In the display device according to aspect 4 of the present invention, in the above aspect 3, the image comparison unit 131 may determine that the first image is darker than the second image when the proportion of pixels having a luminance value equal to or less than a preset threshold in the luminance histogram of the first image is equal to or greater than the proportion of pixels having a luminance value equal to or less than the threshold in the luminance histogram of the second image.

According to the above configuration, the image comparison unit determines that the first image is darker than the second image when the proportion of pixels in the luminance histogram of the first image that are equal to or lower than a preset luminance value is equal to or greater than a predetermined proportion, which is an effective method of determination when the entire first image is dark.

The display device according to aspect 5 of the present invention may further include an image judgment unit 231 that judges whether the first image is dark or not in the above aspect 1 or 2, and when the image judgment unit 231 judges that the first image is dark, the area judgment unit 132 judges whether a predetermined area of the first image is a first area having a gradation lower than a preset gradation or a second area other than the first area, the first luminance value setting unit 133 sets the luminance value of the first area judged by the area judgment unit 132 to a luminance value within the first range, and the second luminance value setting unit 134 may set the luminance value of the second area judged by the area judgment unit 132 to a luminance value within the second range.

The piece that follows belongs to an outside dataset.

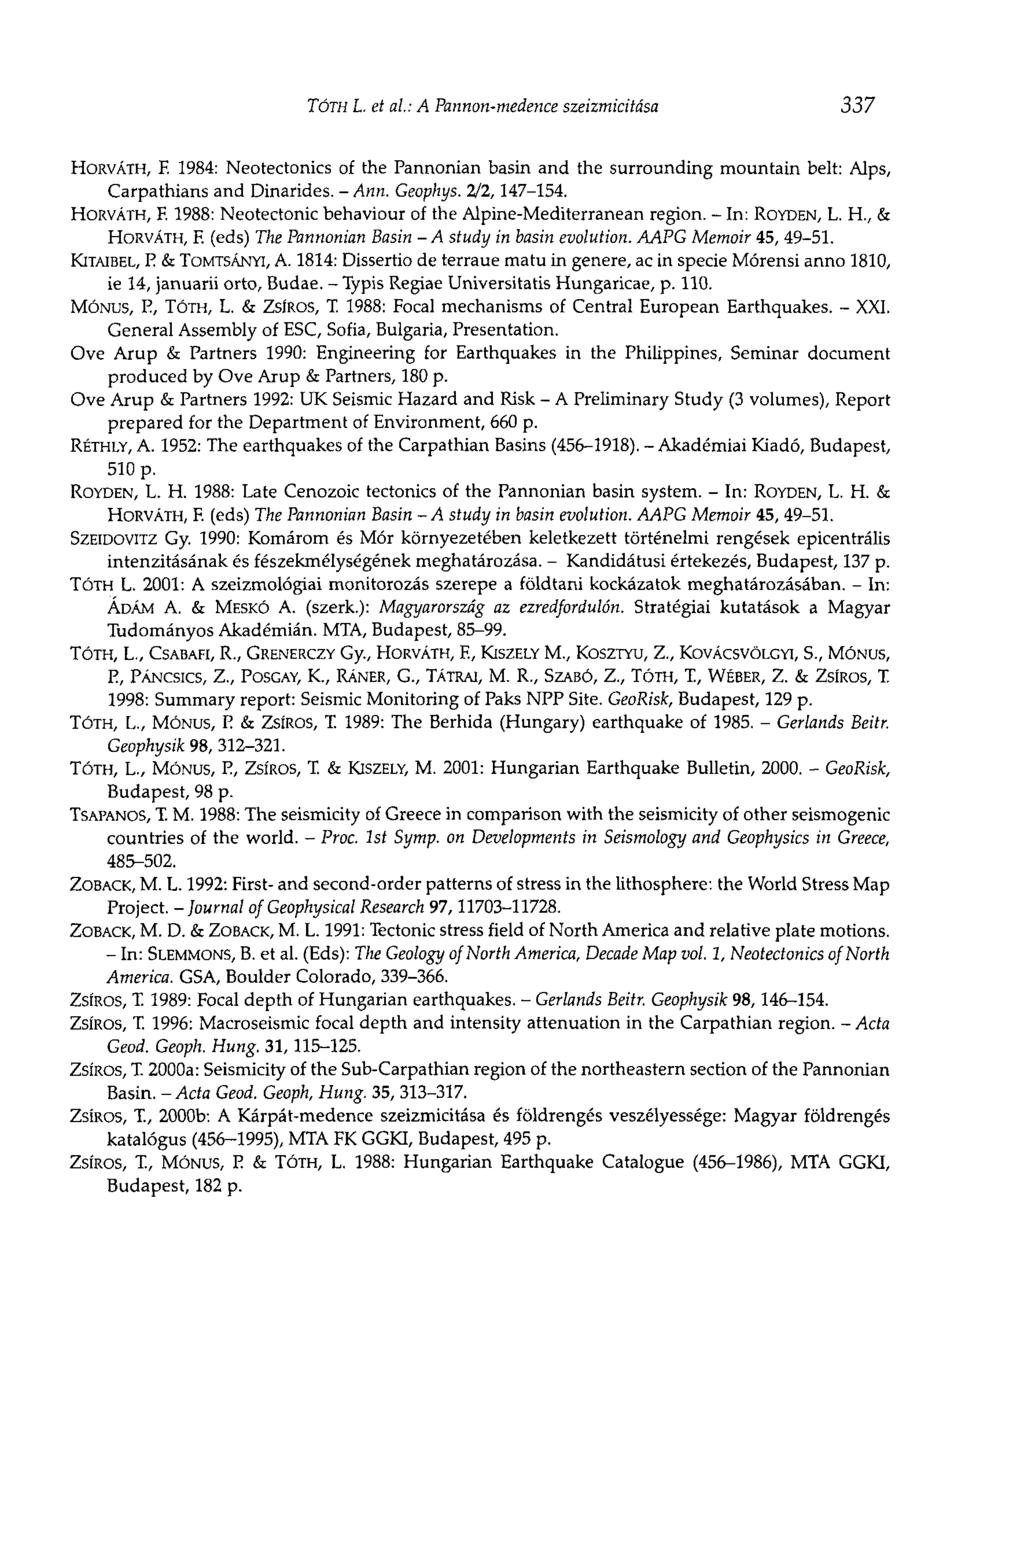 TÓTH L. et al: A Pannon-medence szeizmicitása 337 HORVÁTH, F. 1984: Neotectonics of the Pannonian basin and the surrounding mountain belt: Alps, Carpathians and Dinarides. - Ann. Geophys. 2/2,147-154.

According to the above configuration, the image judgment judges the first image to be darker than the second image when the proportion of the area below a preset gradation in the entire area of the first image is equal to or greater than a predetermined proportion, so it is an effective judgment method when some areas are dark even if the entire image is not dark.

In the display device according to aspect 6 of the present invention, in the above aspect 5, the image judgment unit 231 may judge the first image to be dark when the proportion of pixels below a preset brightness value in the brightness histogram of the first image is equal to or greater than a predetermined proportion.

According to the above configuration, the image judgment unit judges the output image to be dark when the proportion of pixels below a preset brightness value in the brightness histogram of the first image is equal to or greater than a predetermined proportion, so that it can properly judge that the entire image is dark.

In the display device according to aspect 7 of the present invention, in the above aspect 5, the image judgment unit 231 may judge the first image to be dark when the proportion of an area below a preset gradation in a predetermined area of the first image is equal to or greater than a predetermined proportion.

According to the above configuration, the image judgment unit judges the first image to be dark when the ratio of the area below a preset gradation to a predetermined area of the first image is equal to or greater than a predetermined ratio, so that it can properly judge that the entire image is dark.

In the display device according to aspect 8 of the present invention, in the above aspect 5, the image judgment unit 231 may judge the first image to be a dark image when an area of the first image that is below a preset gradation has a predetermined shape.

According to the above configuration, the image judgment unit judges the first image to be a dark image when an area of the first image that is below a preset gradation has a predetermined shape, so this is an effective judgment method when the dark area has a predetermined shape even if the entire image is not dark.

The display method according to aspect 9 of the present invention is a display method for displaying an output image for an input image composed of a plurality of frames on a display device based on an output luminance set according to a scene change of the input image, and is characterized in that it includes a scene change detection step for detecting the presence or absence of a scene change on a frame-by-frame basis of the input image, an area determination step for determining whether a predetermined area of a first image for a frame detected as having a scene change by the scene change detection step is a first area having a gradation lower than a preset gradation or a second area other than the first area, a first luminance value setting step for setting the luminance value of the first area determined by the area determination step to a luminance value within a first range of low gradations including the luminance value of the first area of the first image, and a second luminance value setting step for setting the luminance value of the second area determined by the area determination step to a luminance value within a second range including the luminance value of the second area of the first image and having a lower limit value of a luminance value higher than the upper limit value of the first range.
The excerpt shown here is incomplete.